As China’s bike-sharing economy booms, its manufacturers suffer
The wheels have come off for many manufacturers in Wangqingtuo as consumers embrace the rapidly expanding shared economy
At 2pm on a Tuesday, Baochi Bike sales manager Xiao Xizheng was having a nap in her dimly lit shop. Dozens of bikes from the company’s extensive range were lined up in the showroom along the main street in Wangqingtuo, in Tianjin’s western suburbs.
The area used to be the hub of bicycle manufacturing for northern China and even up until a couple of years ago, the streets were crammed with buyers who could not load the stock onto trucks quickly enough for sale around the nation.
But Xiao doesn’t bother turning on the showroom lights these days – hardly anybody comes through the door.
The bike-sharing boom has changed everything. While sharing firms have placed big orders with some manufacturers, others like Baochi have been left out of the race, their prospects punctured by a sharp change in the market.
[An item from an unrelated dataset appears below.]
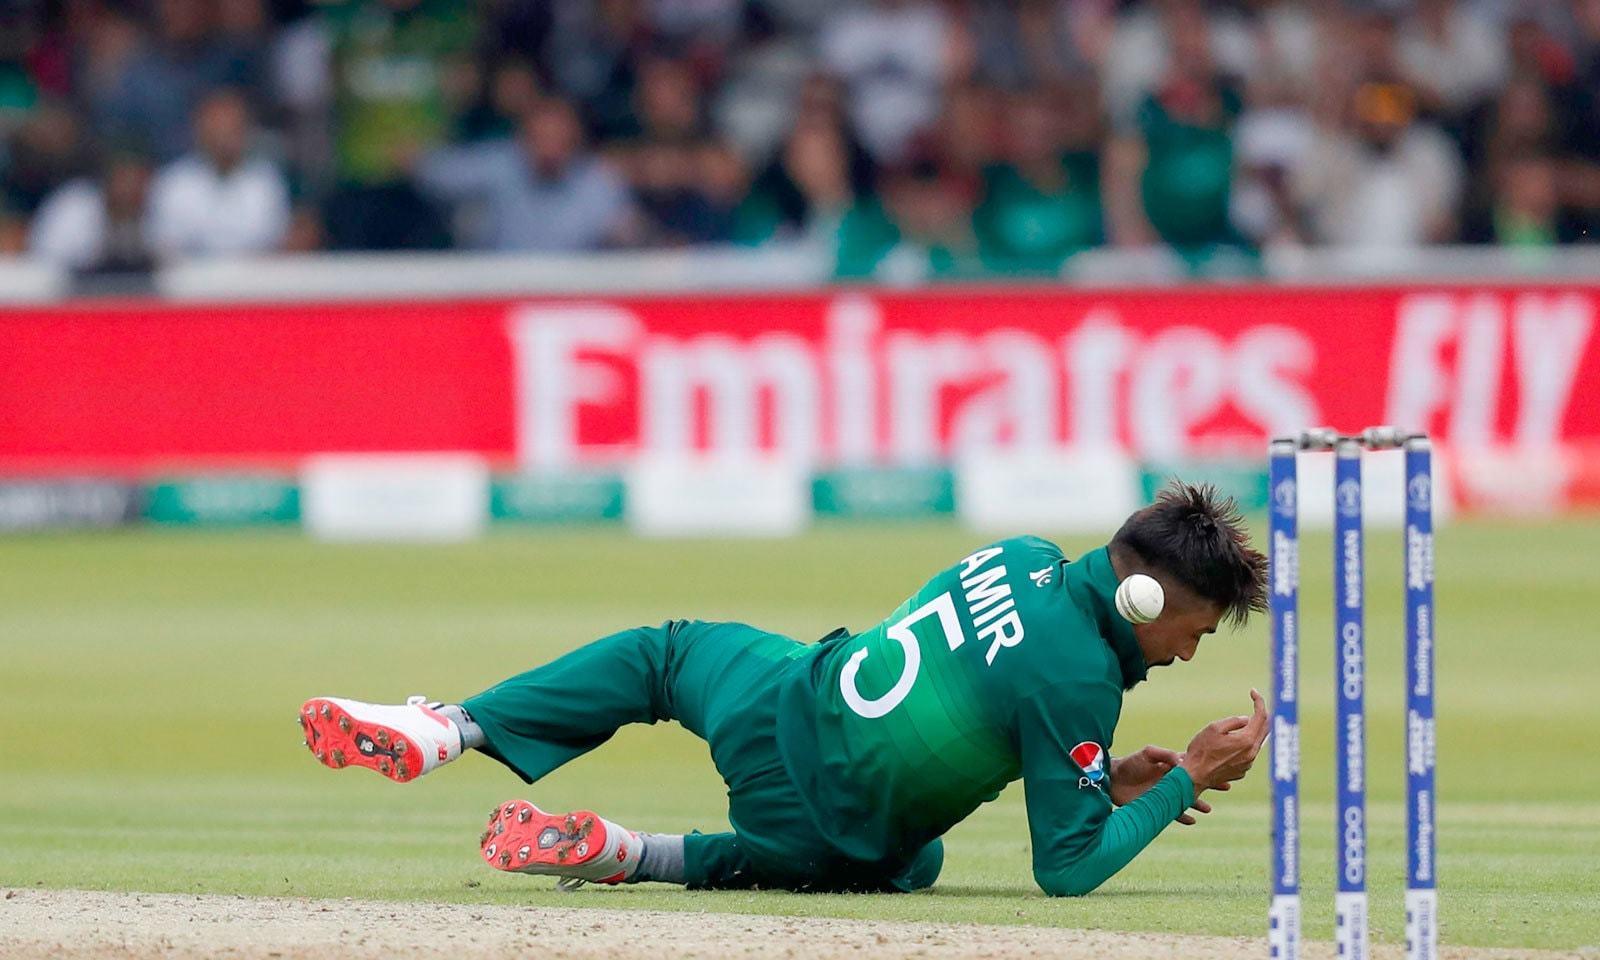 محمد عامر اپنی ہی گیند پر ڈیوڈ ملر کا کیچ چھوڑتے ہوئے

China has embraced the sharing economy like few other countries, with flourishing platforms offering everything from peer-to-peer lending to rental umbrellas. Chinese consumers lead the world in their in preference for shared products or services, according to a 2014 Nielsen survey. And support for the sector has been written into the country’s 2016-2020 economic blueprint in the hope that the growth will help counter slowing expansion elsewhere.
Bike-sharing firms began taking off around the country early last year, offering internet-connected users a convenient and cheap form of transport around China’s clogged cities with just the swipe of a phone. Backed by more than US$1 billion in combined financing, 70-plus bike-sharing companies entered the rapidly expanding market.